Les effets cancérigènes liés à une exposition sporadique à l'ypérite n'ont pas été démontrés (avec tout le gaz qui a été utilisé en Flandre pendant la première guerre mondiale, aujourd'hui la moitié de la population belge aurait un cancer), mais ceux du napalm l'ont été.

L'Espagne n'a pas été le premier pays à utiliser des armes chimiques. Il les a utilisés dans le Rif, mais pas illégalement. Elle les utilisait sans discernement, mais la France aussi. Et d'autres l'ont fait avant, comme les Britanniques ou les Bolcheviks.

L'Espagne a été l'un des premiers pays à signer le protocole de Genève et n'a pas utilisé d'armes chimiques depuis son entrée en vigueur en 1928, contrairement à d'autres nations.
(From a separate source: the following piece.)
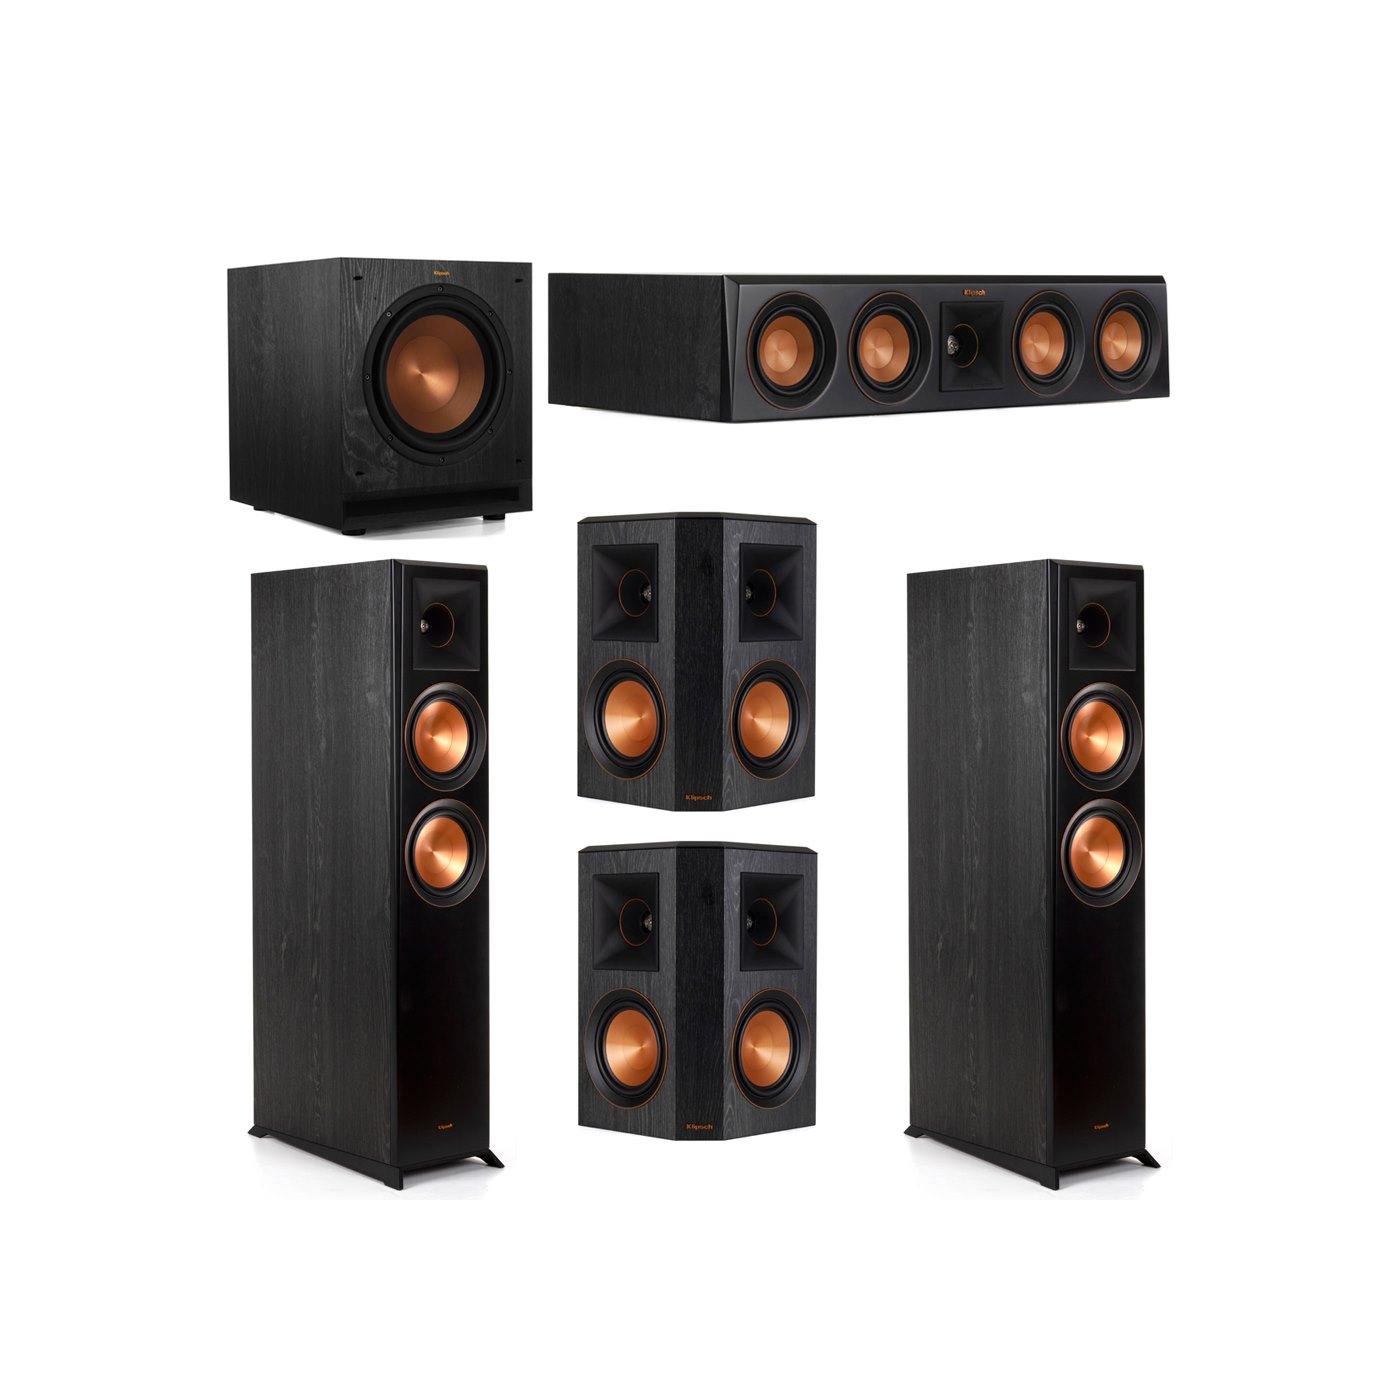 Klipsch 5.1 System with 2 RP-6000F Floorstanding Speakers, 1 Klipsch RP-404C Center Speaker, 2 Klipsch RP-502S Surround Speakers, 1 Klipsch SPL-100 Subwoofer

Et si nous devions dresser une liste des États qui ont procédé à des bombardements aveugles, avec toutes sortes d'armes, elle serait certainement sans fin.

Alors pourquoi se concentrer sur l'Espagne ?
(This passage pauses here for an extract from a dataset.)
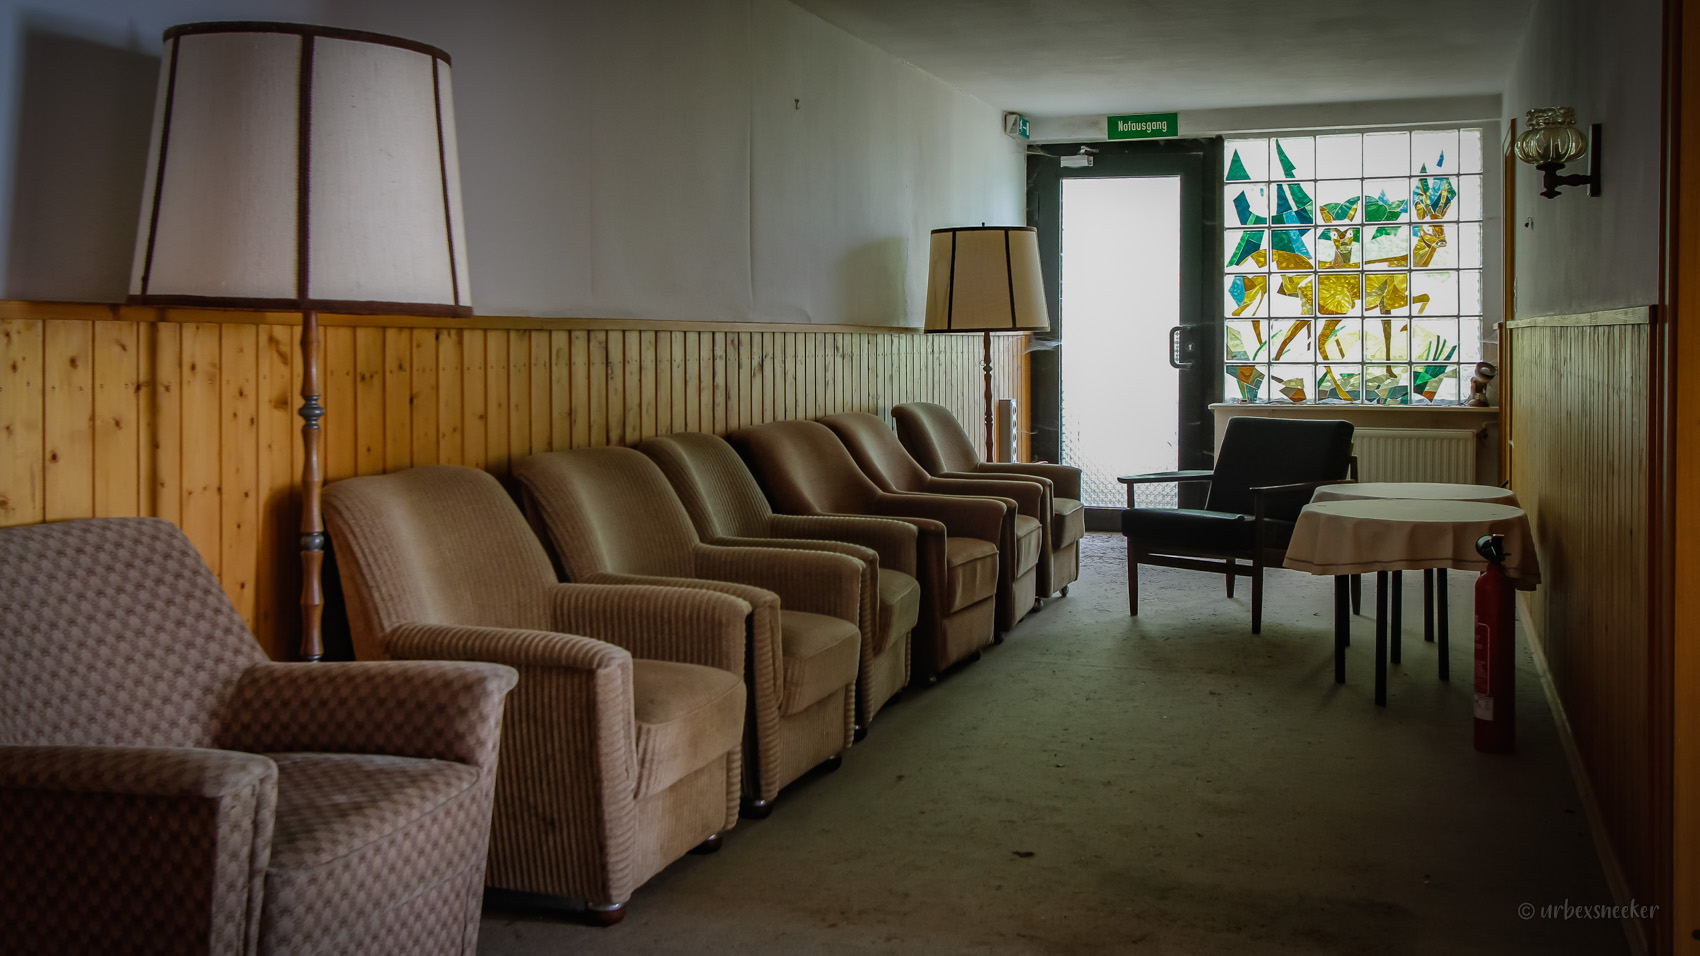 lost hotel harz rehbock fenster

Pour finir, je vais copier quelques réflexions du livre de Manrique et Molina qui me semblent très intéressantes :

Les armes chimiques sont-elles plus mortelles que les armes nucléaires ? Les particules radioactives ne provoquent-elles pas des douleurs, des déformations et la mort partout où des nuages radioactifs peuvent les transporter ? Leurs effets radioactifs, thermiques et mécaniques accumulés ne peuvent-ils pas mettre fin à la vie sur la planète ?

Pourquoi alors les armes nucléaires sont-elles autorisées, même si ce n'est que pour certaines nations ? Et nous en soulignons quelques-unes parce que non seulement les grandes puissances en ont, mais Israël en possède des centaines et n'a pas signé le traité de non-prolifération nucléaire, sans qu'aucune instance internationale n'y fasse la moindre objection, alors que c'est casus belli pour l'Iran. La Corée du Nord, une fois qu'elle a réussi à les fabriquer, ne s'en soucie guère.

Pourquoi la légende noire se concentre-t-elle uniquement sur les armes chimiques tout en occultant l'évolution de leur statut juridique au fil du temps ? Et pourquoi la loupe n'est-elle placée que sur certaines nations ?

En tout cas, les véritables armes de destruction massive ne sont ni nucléaires, ni chimiques, ni biologiques, mais conventionnelles, comme les armes à feu, qui tuent chaque année des dizaines ou des centaines de milliers de personnes dans le monde. Et personne n'interdit ces armes.